Mahlet Tesfom is a 26-year-old Eritrean refugee who had fled to Ethiopia with her two children. Abandoned by her husband, she had to flee again when soldiers invaded their refugee camp. Raped and injured on the journey, she found her way with the children to a Jesuit Refugee Service (JRS) community center where they received help. 

“Whenever I think of the situations that happened to me, I feel great shame,” Tesfom says. “But now I can pour out my experience to someone, and I am comforted by the compassion and the support that I receive. I have started to see a glimmer of hope.”

Maryknoll Lay Missioner Dee Dungy helps make possible such glimmers of hope. 

Dungy has met many other women like Mahlet Tesfom at Kakuma, one of the world’s largest refugee camps. Kakuma, which is located in Kenya, hosts almost a quarter million refugees and asylum seekers from all around East Africa.

The road to Kakuma started for Dungy in Sunrise, Florida. Already active in her parish, St. Bernard’s, she enrolled in an intensive nine-month program called JustFaith. The program teaches participants “to address the root causes of injustice, while serving with love,” she says.

Dungy also belonged to a prayer group held regularly at the Trappist Holy Spirit monastery in Conyers, Georgia.
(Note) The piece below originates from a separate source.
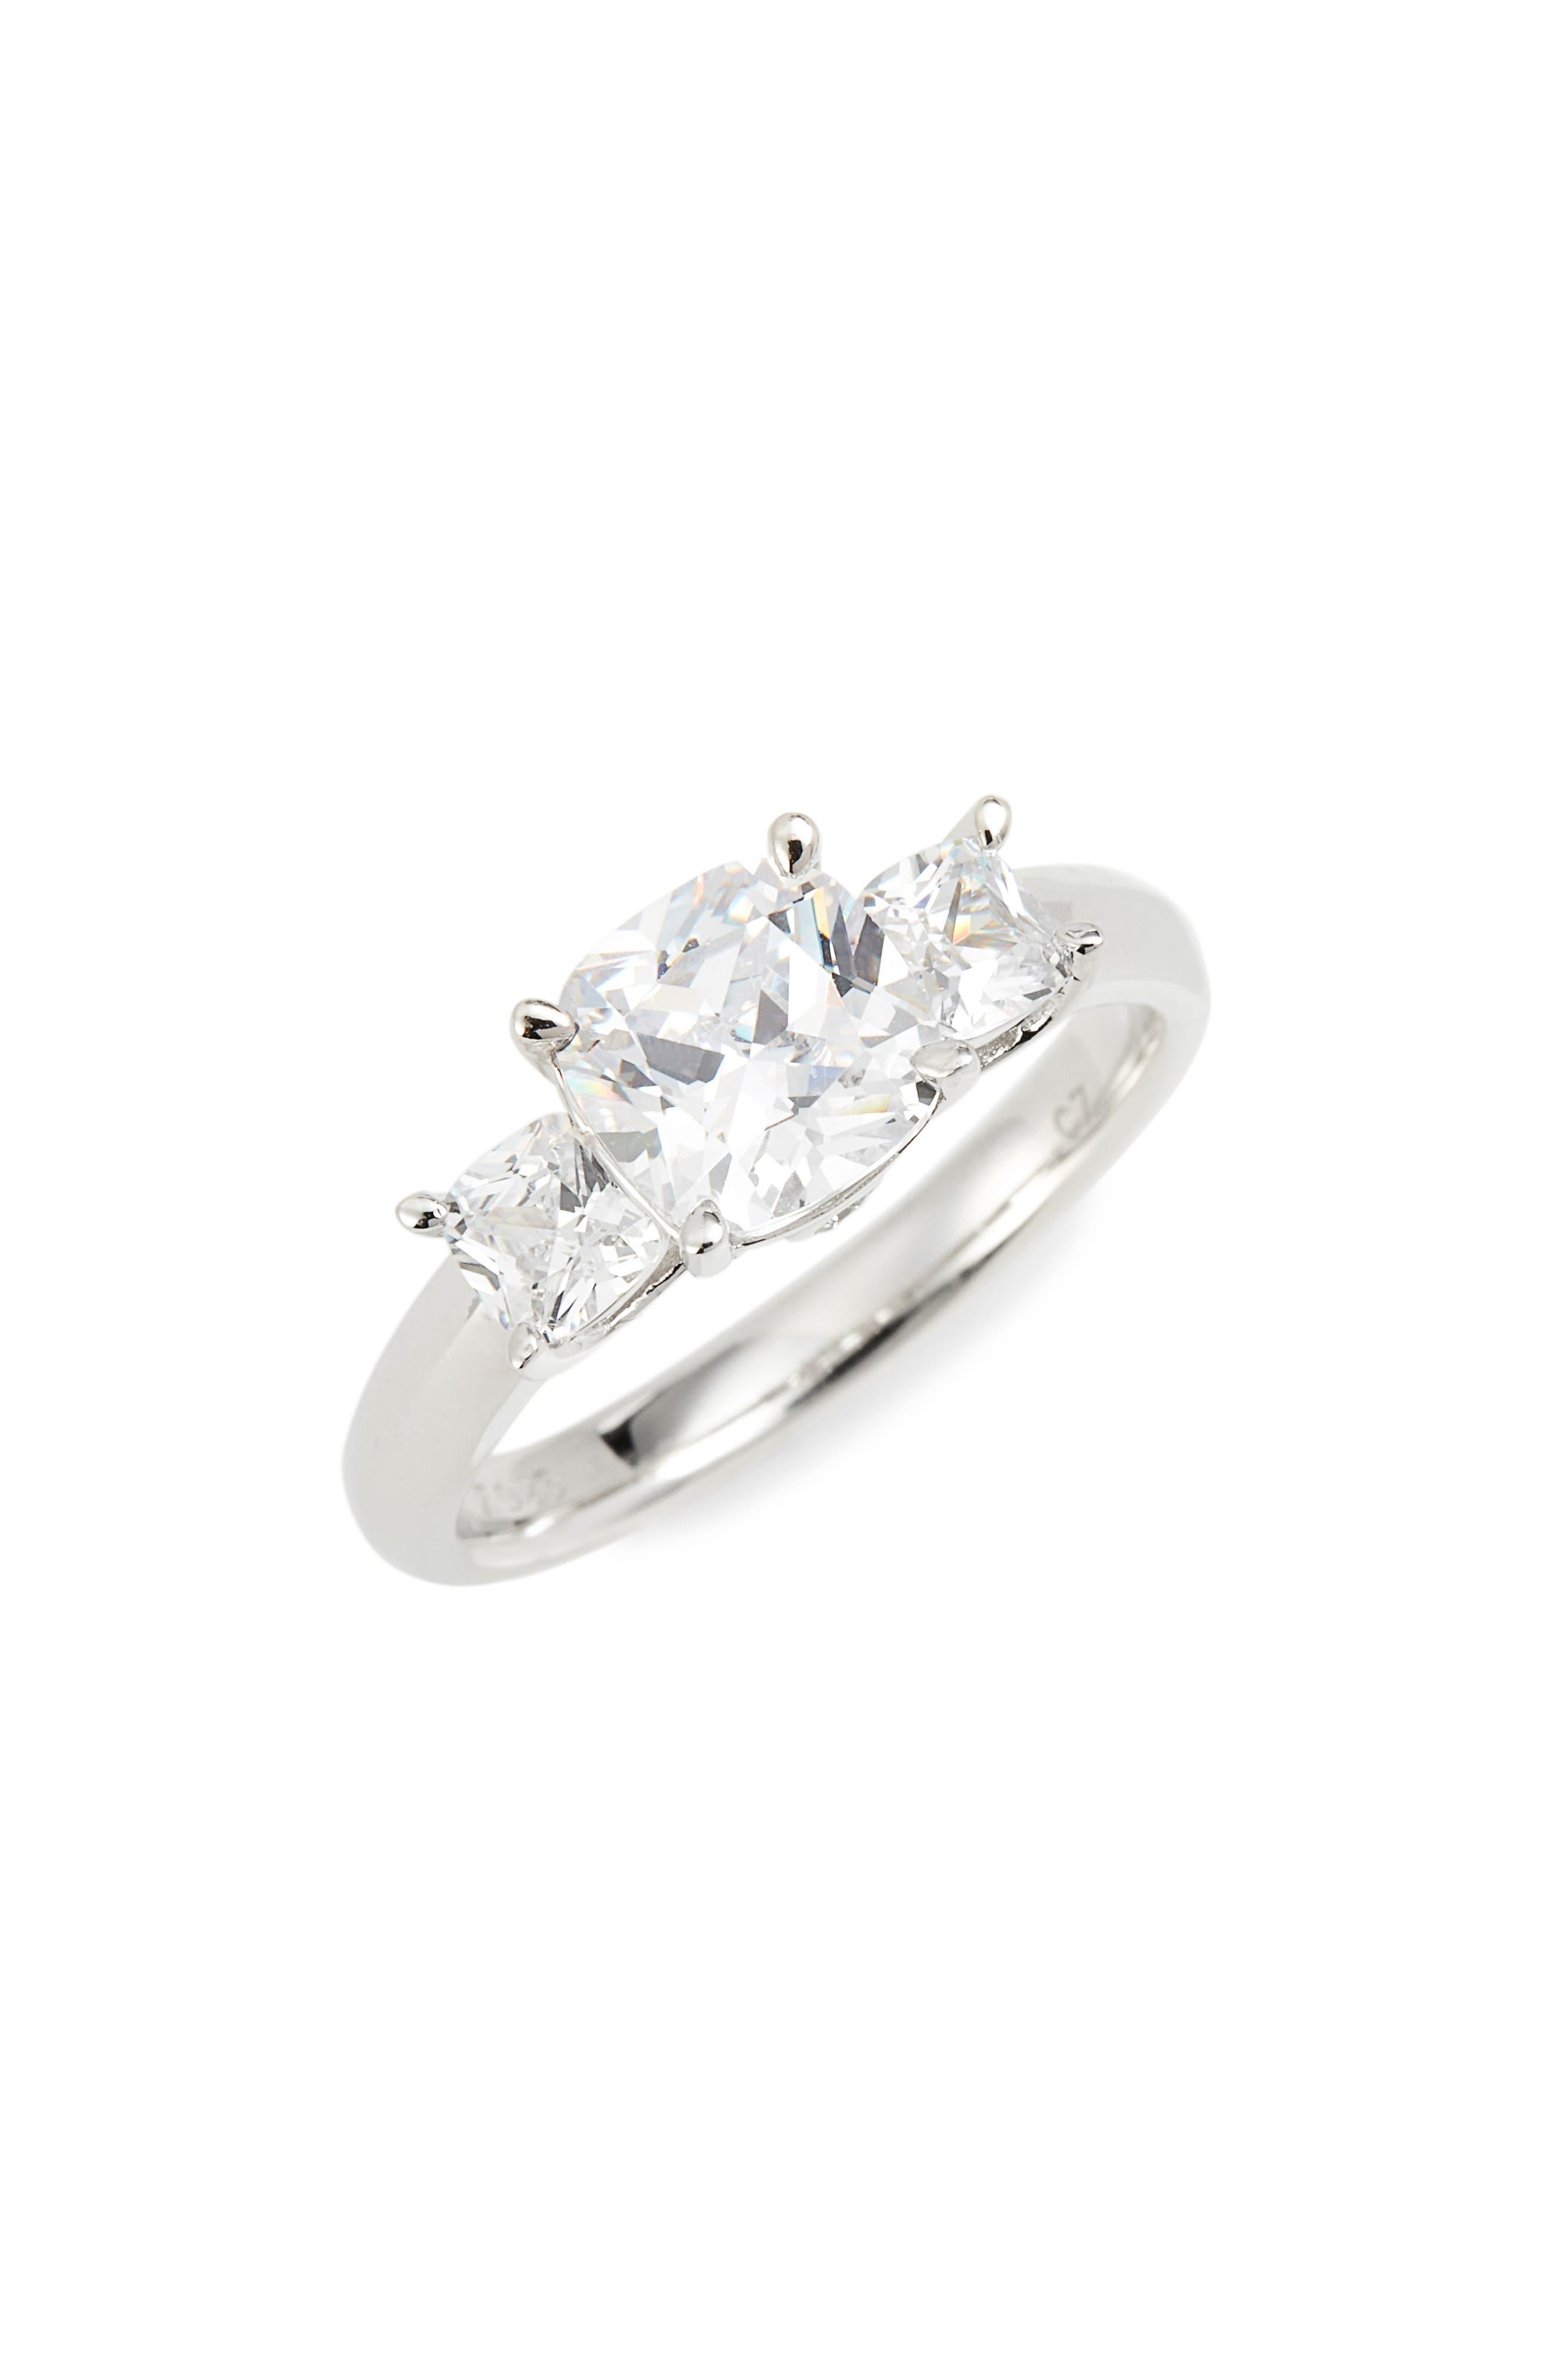 3-Stone Cushion Ring,                             Main thumbnail 1, color,                             Platinum
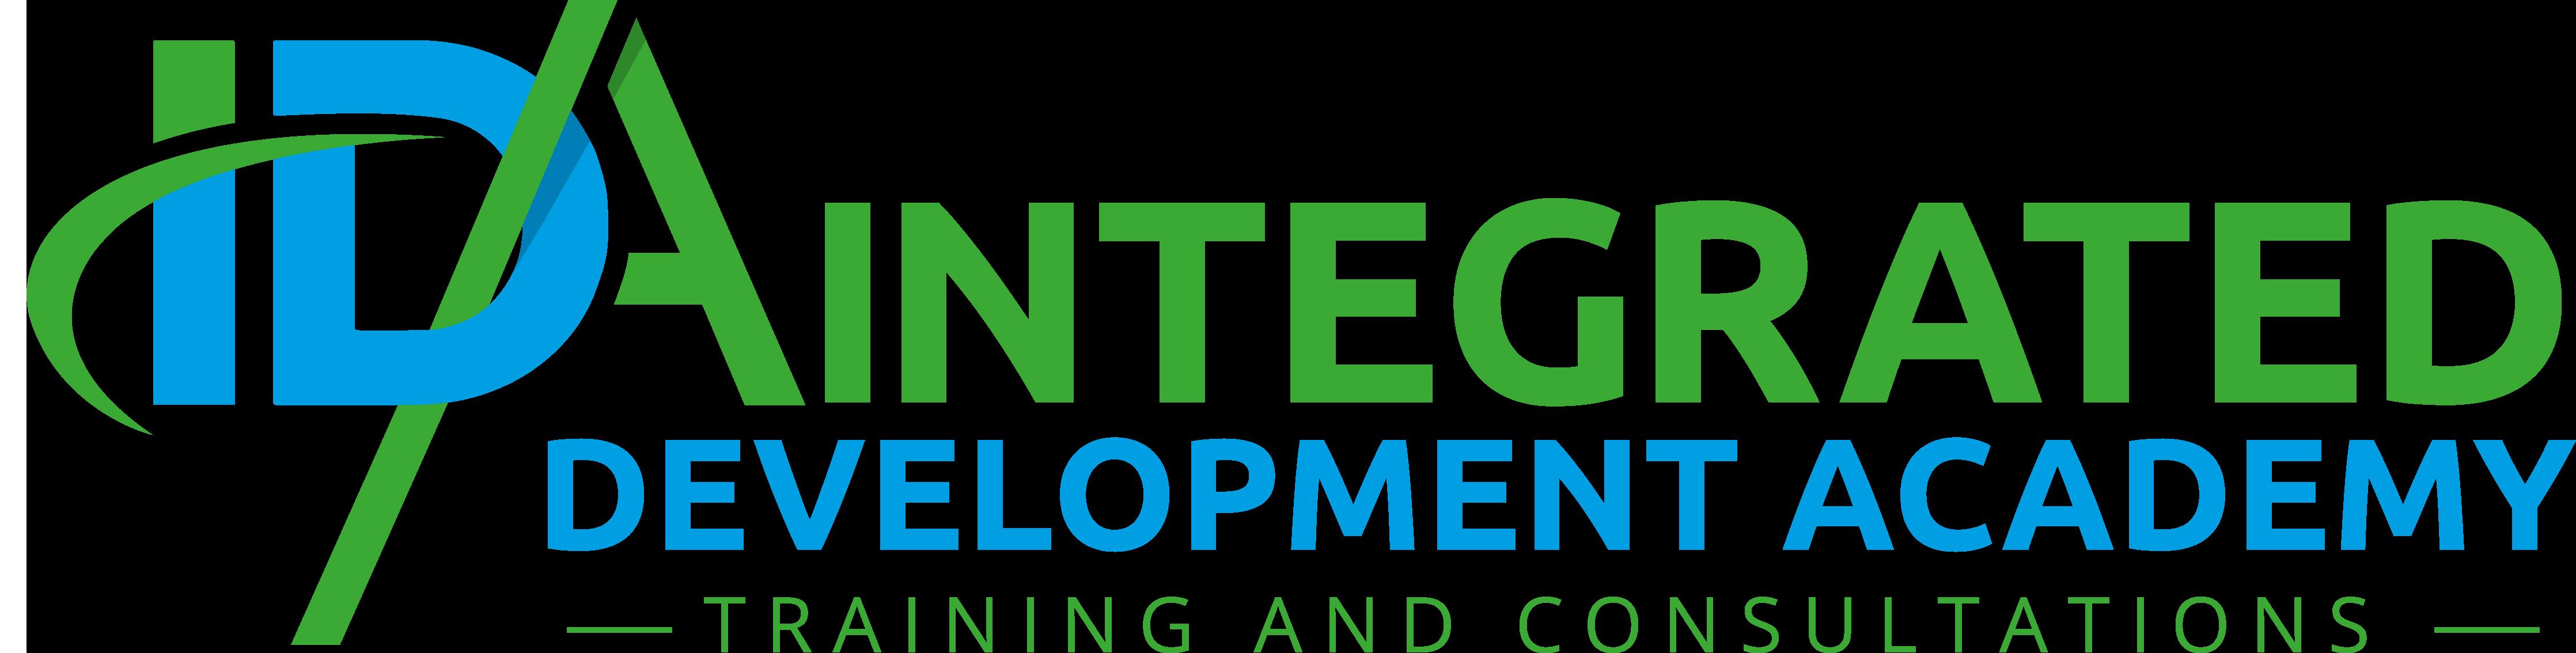 Integrated Development Academy logo

There, sisters, brothers and laypeople came together once a month to pray, reflect on Scripture and share about their faith. 

Girls in a refugee camp study in a JRS educational program. (Courtesy of Jesuit Refugee Service/South Sudan)

Girls in a refugee camp study in a JRS educational program. (Courtesy of Jesuit Refugee Service/South Sudan)

“A sister gave me a copy of Maryknoll magazine, saying, ‘Take this home, and bring it back next month,’” she recalls. “At the next meeting, she asked me, ‘So what did you think?’ I just said, ‘Oh, there are a lot of fascinating articles,’” Dungy says.

“The sister replied, ‘Is that all?’” continues Dungy. “She pointed to an announcement about a Maryknoll discernment retreat called ‘Come and See.’ I said, ‘Oh my goodness — I do want to come and see!’”

Dungy went to the retreat, where, she says, “I fell in love with Maryknoll.” She applied to the Maryknoll Lay Missioners immediately afterward and joined in 2011.

With a bachelor’s degree in market research from Indiana University Bloomington, studies in graphic design at Purdue University and a property and casualty insurance license, Dungy had a successful career. Yet, she says, “I had no hesitation about quitting my job. Maryknoll launched me on really living the Gospel in a much deeper way.”

Her first assignment was to Cambodia. There, among other ministries, she worked with abandoned elderly people and internally displaced youth and young adults at the Maryknoll Anlong Kngan Resettlement and Social Development Center. The center served an informal settlement on the outskirts of Phnom Penh where thousands of poor people lived in makeshift housing after a fire burned their homes.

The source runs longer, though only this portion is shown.